Nissan Joining in the India Auto Party

India’s auto market is booming, in part because new regulations are coming in later this year calling for stiffer emission standards on new cars which consumers fear will increase costs and reduce performance but also because India is rapidly becoming an export hub for the rest of Asia and Africa.

Maruti Sazuki the country’s largest producer with over half the market share saw its domestic sales rise 21% in January to 81,000 vehicles, while its exports rose three-fold to more than 14,500. According to the Financial Times this brought total sales to 95,650, its best ever sales performance in a single month and up 33% over January last year.

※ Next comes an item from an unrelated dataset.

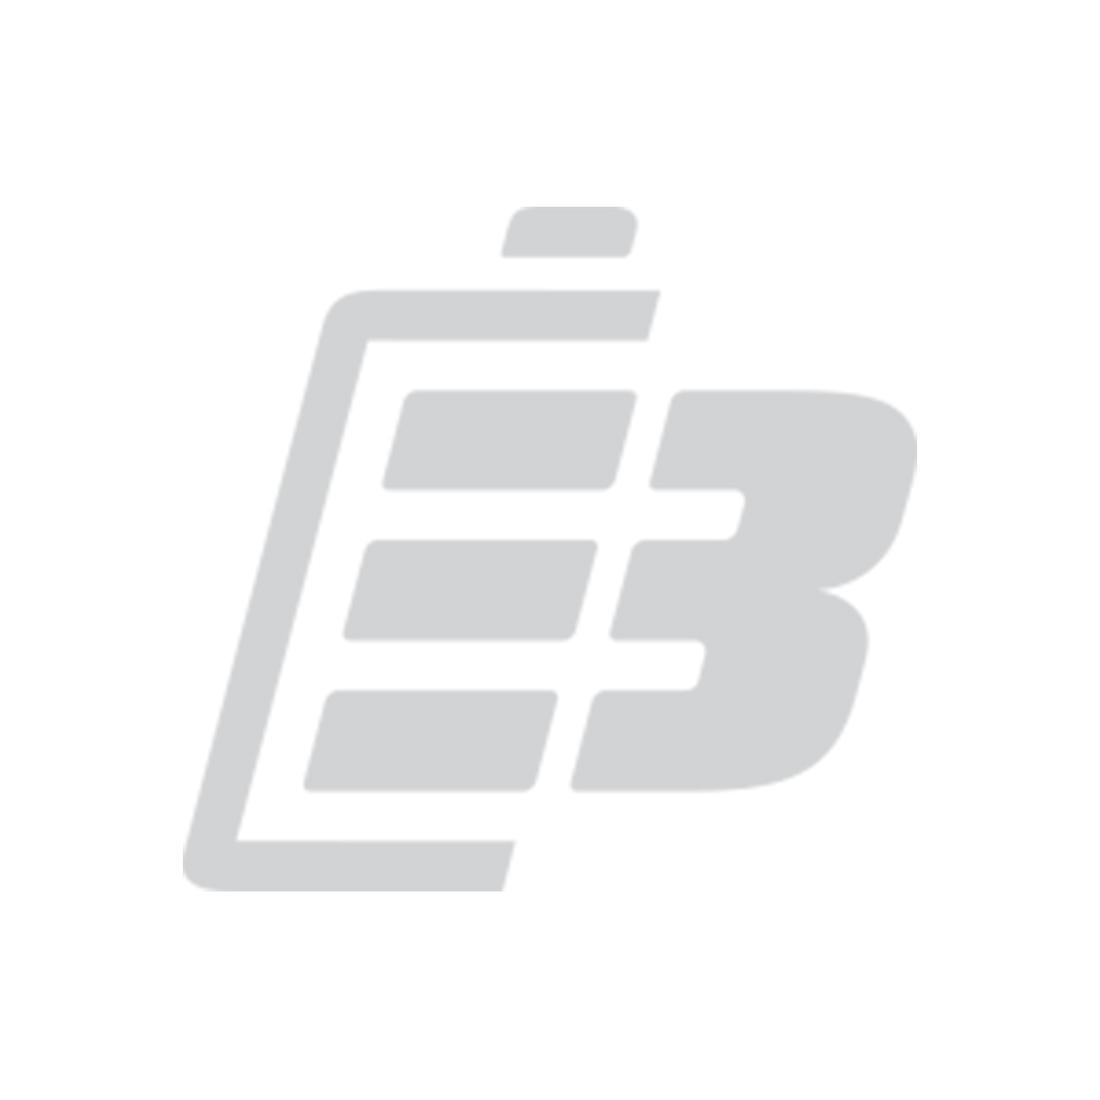 Cordless phone battery Philips Magic 2_1
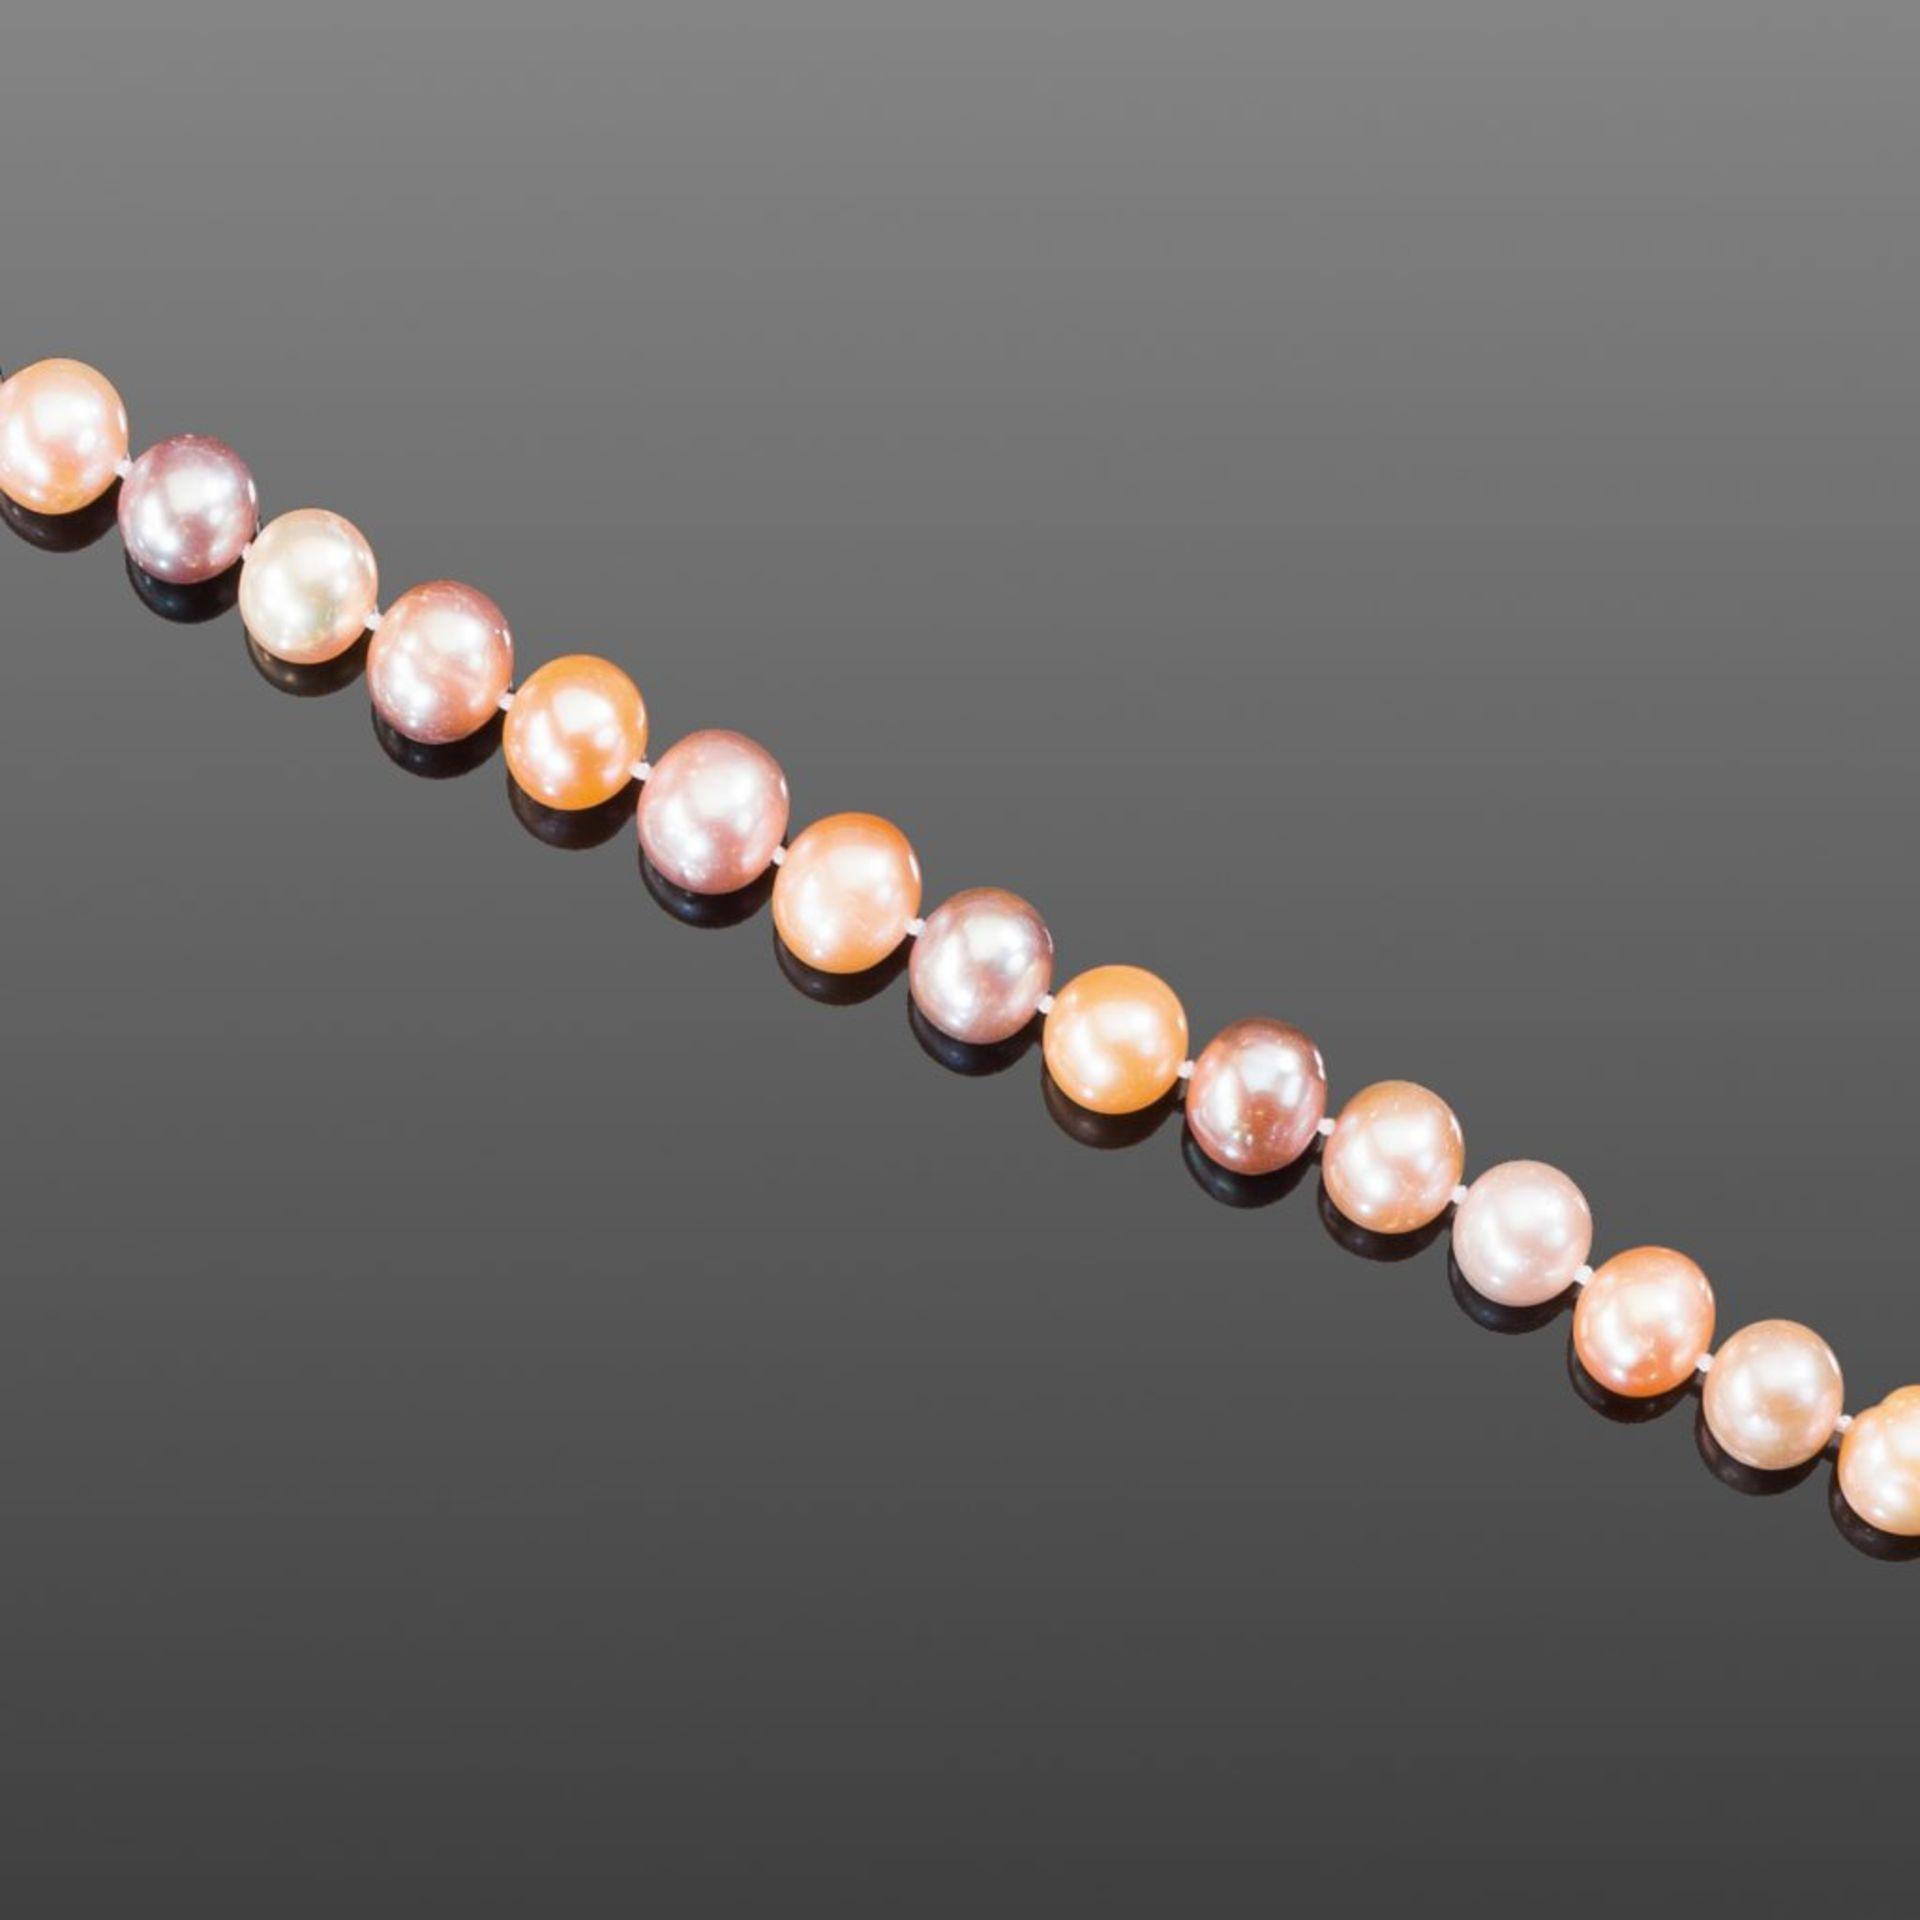 Süßwasser-Zuchtperlenkette. Perlen in zarten Pastelltönen, Ø 11 - 12 mm. Kugelschloss in 14 ct.

The Indian unit of Hyundai Motors which ties with Tata Motors as India’s second-largest passenger car maker reported a 42% rise in its January sales to 52,600 units, with increases of 41% in its domestic sales and of 43% in its exports. The 4WD SUV maker Mahindra and Mahindra on Monday reported a 71% year-on-year rise in sales in January to more than 30,000 vehicles.

Everyone and his brother appears to be piling into the market. Nissan is the latest to announce a major expansion on the back of an earlier decision to move production of their small car the Micra from the UK to India. They are to start production of their first made-in-India car near Chennai in May. The Micra will probably be made from kits and is intended for sale in Europe, but the new model will be 85% local content, a trend the company has suggested it will follow for its larger models in the future. At present, Nissan Teana and X-trail’s are imported as complete units but the plan is to bring in kits and assemble them at the Chennai works. This would significantly reduce the import tax and make both models more competitive in the local market. And here’s the encouraging trend, although India has had a stated aim of becoming an export hub for Asian car production, an aim the recent export figures suggests is becoming a reality, the fact remains much of the Indian auto industry’s growth is from the domestic market. Nissan is planning to add 55 dealerships over the next two years to meet the growing domestic demand.

The strength of the domestic steel industry, earning strong profits even as overseas divisions are losing it, is testament to the strength of domestic manufacturing, of which automotive is an increasingly important part. As with China, India’s consumers are playing a large part in fueling domestic growth and profits for metals companies and manufacturers, with so many aspiring to middle class life styles it shouldn’t be a major challenge to maintain the momentum, inflation not withstanding.